Following through with this, he found results. Robinson placed fifth in shot put at the 2018 Inter-Secondary Schools Boys and Girls Championships, a nationally renowned high school age track and field meet in Jamaica. This success has translated in Albany, with him ending 2022 with the title of America East rookie of the year. This included earning titles for both indoor and outdoor shot put, with him also winning the outdoor discus championship in a school-record performance.

He finds the track and field team to be a bit underserved, lamenting the lack of an indoor facility after the collapse of “The Bubble” in 2021.
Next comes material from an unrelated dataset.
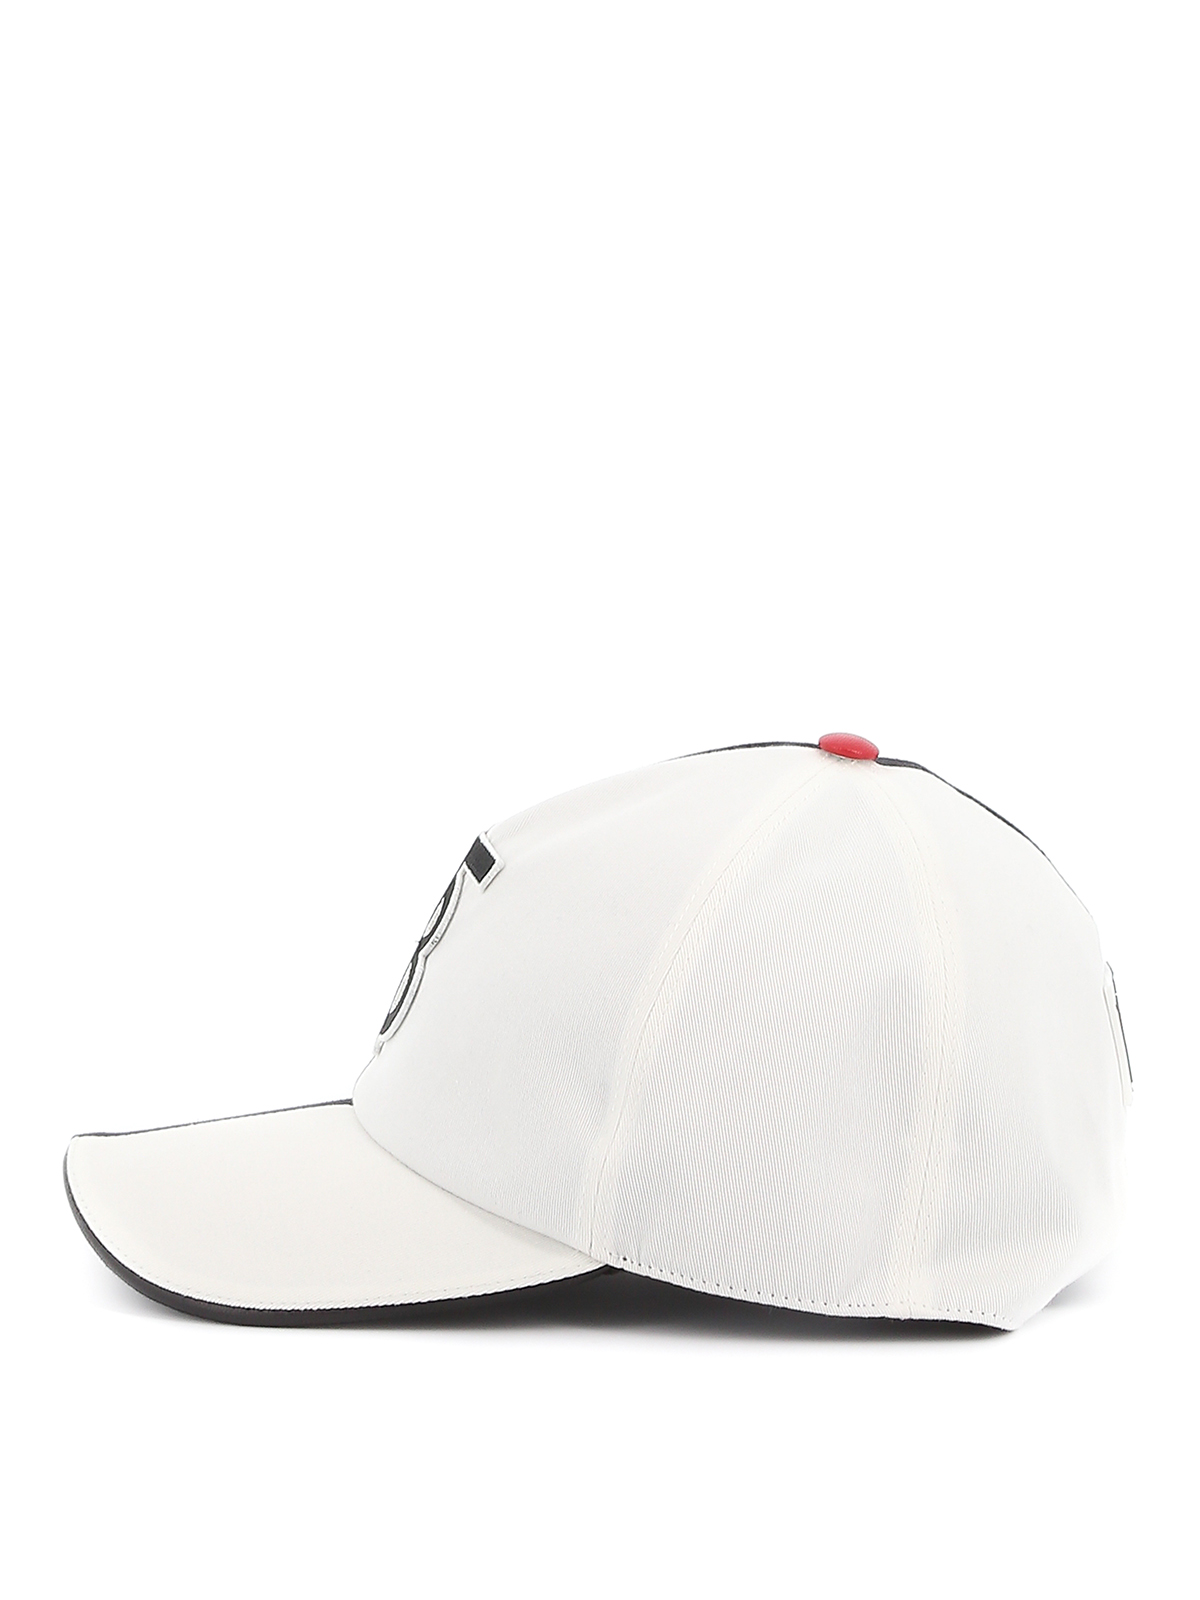 Hats & caps Burberry - Trucker baseball cap - 8023974

“This is not easy, because Albany is cold, I like to say, 90% of the time,” Robinson said.

The Capital Region is a far cry from the climate of Robinson’s hometown and Jamaica’s capital, Kingston, where average monthly temperatures never dip to 70°F or lower. Robinson talked about the risk of injury brought to athletes running outside on cooler Albany days, with muscle and joint stiffness being natural side effects of enduring cold weather.

“A lot of athletes get hurt unnecessarily, because we don’t have facilities,” Robinson said. “When you don’t have certain facilities, you can’t really run as fast as you want in it [cold weather] because it can get shin splints.”

While Robinson is disappointed to see his team’s constant success coming without reward in this regard, in contrast from a men’s basketball team that will play in a newly renovated stadium next season despite finishing last in the American East in 2022-23. However, he acknowledges the economics around college sports, saying “I’m not the one with the millions.”


Robinson still took it somewhat personally, saying “I want to be the best version of myself, obviously.”

While injured and unsatisfied with the university, Robinson enjoyed the fact that success is something that he and athletes such as Travis and Shak Williams, Shannon Bailey, and Dominique Clarke can share.

“When you have a group with everybody shining, it makes it fun because you guys can have similar conversation,” Robinson said.